* [Action item]:
What is the number of lines in the records that contain "Jacket"? Give only that number.

* [Source data]:
——————————

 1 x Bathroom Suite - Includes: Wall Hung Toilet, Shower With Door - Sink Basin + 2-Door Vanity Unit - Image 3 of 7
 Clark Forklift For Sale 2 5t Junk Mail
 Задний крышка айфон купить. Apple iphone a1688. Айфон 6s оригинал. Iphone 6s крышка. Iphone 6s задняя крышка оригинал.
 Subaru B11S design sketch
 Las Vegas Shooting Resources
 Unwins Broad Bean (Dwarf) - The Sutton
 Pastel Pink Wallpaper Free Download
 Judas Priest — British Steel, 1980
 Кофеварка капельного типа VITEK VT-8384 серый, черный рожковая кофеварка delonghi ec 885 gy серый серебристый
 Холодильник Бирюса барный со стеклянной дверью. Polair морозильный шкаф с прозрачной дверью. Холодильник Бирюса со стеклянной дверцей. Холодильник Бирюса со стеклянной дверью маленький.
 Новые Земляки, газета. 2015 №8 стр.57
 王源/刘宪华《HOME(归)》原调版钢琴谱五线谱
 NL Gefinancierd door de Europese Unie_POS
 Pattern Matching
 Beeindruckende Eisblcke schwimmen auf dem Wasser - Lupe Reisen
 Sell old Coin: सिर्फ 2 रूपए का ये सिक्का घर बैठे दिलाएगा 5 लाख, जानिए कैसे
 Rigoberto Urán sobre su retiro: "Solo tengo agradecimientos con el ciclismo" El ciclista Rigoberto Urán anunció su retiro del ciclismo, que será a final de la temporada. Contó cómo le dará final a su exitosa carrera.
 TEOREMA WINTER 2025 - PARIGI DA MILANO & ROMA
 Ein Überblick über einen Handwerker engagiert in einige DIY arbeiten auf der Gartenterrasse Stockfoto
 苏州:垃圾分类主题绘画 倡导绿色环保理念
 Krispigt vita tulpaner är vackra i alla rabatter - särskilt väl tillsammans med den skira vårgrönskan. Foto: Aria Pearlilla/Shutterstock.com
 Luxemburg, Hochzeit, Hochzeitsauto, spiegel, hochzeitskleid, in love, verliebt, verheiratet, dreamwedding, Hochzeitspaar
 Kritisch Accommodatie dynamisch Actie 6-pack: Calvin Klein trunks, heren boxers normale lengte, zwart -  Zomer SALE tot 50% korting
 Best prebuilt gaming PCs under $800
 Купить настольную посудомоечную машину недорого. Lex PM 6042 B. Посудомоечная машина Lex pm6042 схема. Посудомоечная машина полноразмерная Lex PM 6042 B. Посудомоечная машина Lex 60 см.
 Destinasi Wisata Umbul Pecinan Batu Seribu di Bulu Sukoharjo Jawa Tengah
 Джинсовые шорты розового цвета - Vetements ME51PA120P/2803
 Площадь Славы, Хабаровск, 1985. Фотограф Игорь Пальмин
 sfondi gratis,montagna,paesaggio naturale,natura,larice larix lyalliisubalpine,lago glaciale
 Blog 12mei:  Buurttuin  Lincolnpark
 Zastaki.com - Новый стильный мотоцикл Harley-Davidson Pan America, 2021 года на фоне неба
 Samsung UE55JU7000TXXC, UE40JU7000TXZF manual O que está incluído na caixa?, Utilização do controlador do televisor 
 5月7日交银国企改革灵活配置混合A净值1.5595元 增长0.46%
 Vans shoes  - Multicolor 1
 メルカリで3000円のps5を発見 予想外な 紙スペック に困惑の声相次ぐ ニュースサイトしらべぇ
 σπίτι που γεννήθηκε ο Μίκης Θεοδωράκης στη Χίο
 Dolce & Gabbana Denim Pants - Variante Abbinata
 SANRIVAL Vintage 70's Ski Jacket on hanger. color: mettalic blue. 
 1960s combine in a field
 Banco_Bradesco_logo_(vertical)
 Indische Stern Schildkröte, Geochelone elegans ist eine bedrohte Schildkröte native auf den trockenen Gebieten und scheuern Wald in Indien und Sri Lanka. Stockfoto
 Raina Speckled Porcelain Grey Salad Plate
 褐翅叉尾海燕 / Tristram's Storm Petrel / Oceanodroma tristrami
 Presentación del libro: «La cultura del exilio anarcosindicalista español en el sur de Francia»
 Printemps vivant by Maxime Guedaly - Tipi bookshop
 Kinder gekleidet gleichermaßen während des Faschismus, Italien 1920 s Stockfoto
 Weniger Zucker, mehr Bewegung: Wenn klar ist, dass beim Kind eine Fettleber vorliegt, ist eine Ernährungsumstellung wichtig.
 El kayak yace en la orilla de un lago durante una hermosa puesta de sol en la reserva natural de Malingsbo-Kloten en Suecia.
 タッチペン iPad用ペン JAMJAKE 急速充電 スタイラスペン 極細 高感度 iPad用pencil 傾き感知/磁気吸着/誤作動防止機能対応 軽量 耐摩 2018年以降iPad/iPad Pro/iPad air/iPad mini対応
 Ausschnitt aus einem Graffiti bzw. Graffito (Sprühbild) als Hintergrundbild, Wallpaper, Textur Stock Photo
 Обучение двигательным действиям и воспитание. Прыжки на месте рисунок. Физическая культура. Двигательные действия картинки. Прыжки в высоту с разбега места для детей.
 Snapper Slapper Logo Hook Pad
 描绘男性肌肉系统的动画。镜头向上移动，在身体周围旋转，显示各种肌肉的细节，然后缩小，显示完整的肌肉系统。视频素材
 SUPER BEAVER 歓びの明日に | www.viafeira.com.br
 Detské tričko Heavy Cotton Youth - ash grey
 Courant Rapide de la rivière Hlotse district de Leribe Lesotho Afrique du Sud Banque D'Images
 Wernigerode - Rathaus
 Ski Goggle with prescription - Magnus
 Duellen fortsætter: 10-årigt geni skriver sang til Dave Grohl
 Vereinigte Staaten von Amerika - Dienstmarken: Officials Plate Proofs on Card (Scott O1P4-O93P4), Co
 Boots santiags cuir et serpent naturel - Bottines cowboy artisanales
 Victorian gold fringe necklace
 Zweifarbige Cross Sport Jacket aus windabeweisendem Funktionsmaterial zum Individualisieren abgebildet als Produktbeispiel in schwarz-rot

——————————

* [Response]:
2